■ WORK REQUEST ■
Below are entries; output exactly the lines from the one with "Thomas Reid: The" to the one with "QNAP TS-264 10tb", both included, and nothing else.

■ ENTRIES PROVIDED ■
# # # # # # #
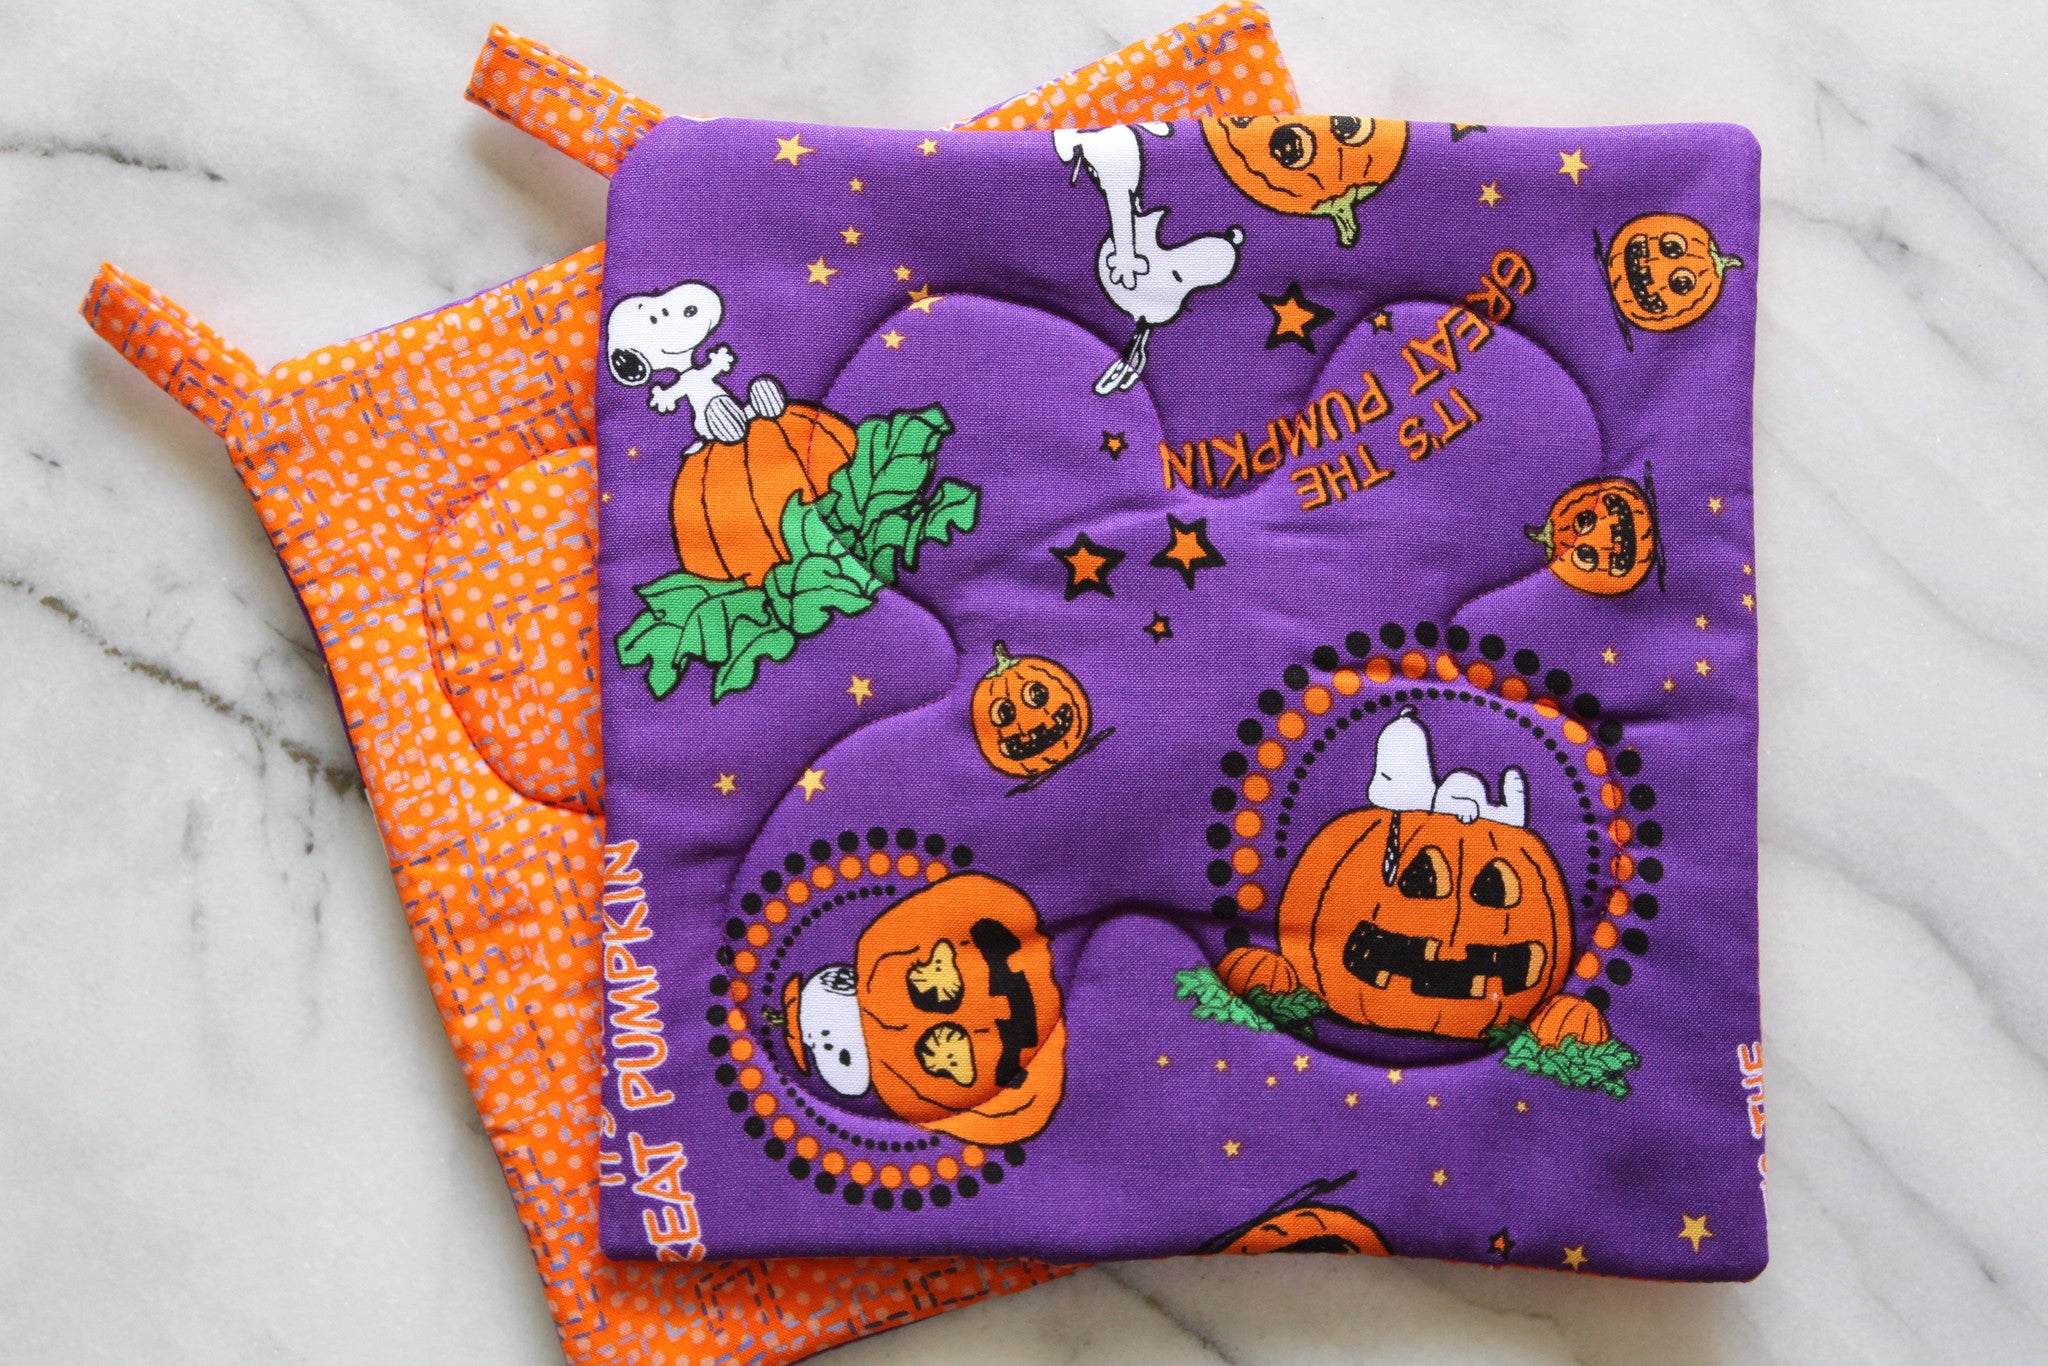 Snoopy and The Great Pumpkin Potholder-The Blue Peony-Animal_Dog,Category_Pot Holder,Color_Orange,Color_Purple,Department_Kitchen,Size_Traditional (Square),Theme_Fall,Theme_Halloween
# # # # # # #
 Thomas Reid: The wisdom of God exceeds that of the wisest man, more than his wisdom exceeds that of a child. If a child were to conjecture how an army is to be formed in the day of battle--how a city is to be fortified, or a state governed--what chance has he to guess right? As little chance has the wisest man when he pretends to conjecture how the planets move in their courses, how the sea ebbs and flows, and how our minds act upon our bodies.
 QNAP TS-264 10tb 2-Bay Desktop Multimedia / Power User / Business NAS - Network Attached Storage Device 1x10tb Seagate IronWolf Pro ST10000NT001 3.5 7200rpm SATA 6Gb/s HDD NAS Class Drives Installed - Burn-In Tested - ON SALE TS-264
# # # # # # #
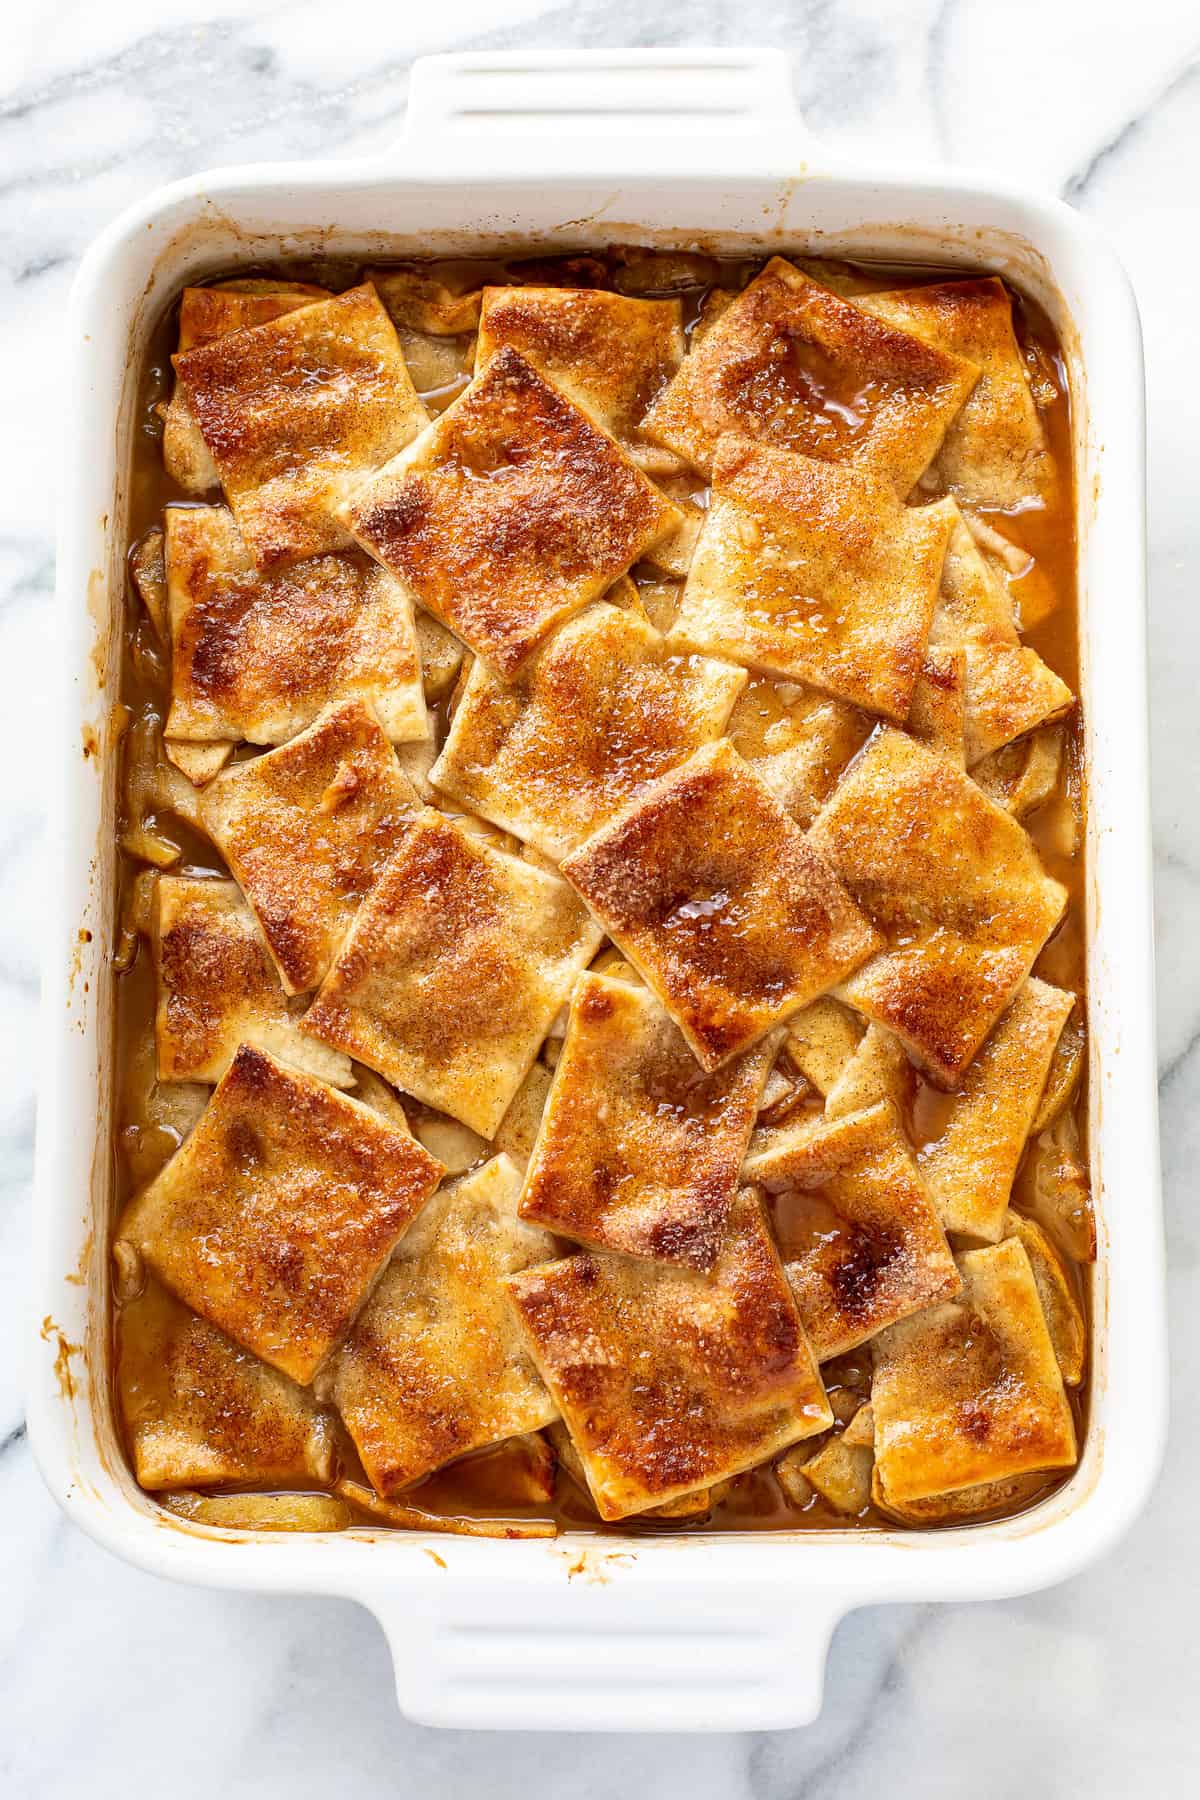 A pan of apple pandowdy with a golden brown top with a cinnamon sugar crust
# # # # # # #
■ COMPLETED TASK ■
 Thomas Reid: The wisdom of God exceeds that of the wisest man, more than his wisdom exceeds that of a child. If a child were to conjecture how an army is to be formed in the day of battle--how a city is to be fortified, or a state governed--what chance has he to guess right? As little chance has the wisest man when he pretends to conjecture how the planets move in their courses, how the sea ebbs and flows, and how our minds act upon our bodies.
 QNAP TS-264 10tb 2-Bay Desktop Multimedia / Power User / Business NAS - Network Attached Storage Device 1x10tb Seagate IronWolf Pro ST10000NT001 3.5 7200rpm SATA 6Gb/s HDD NAS Class Drives Installed - Burn-In Tested - ON SALE TS-264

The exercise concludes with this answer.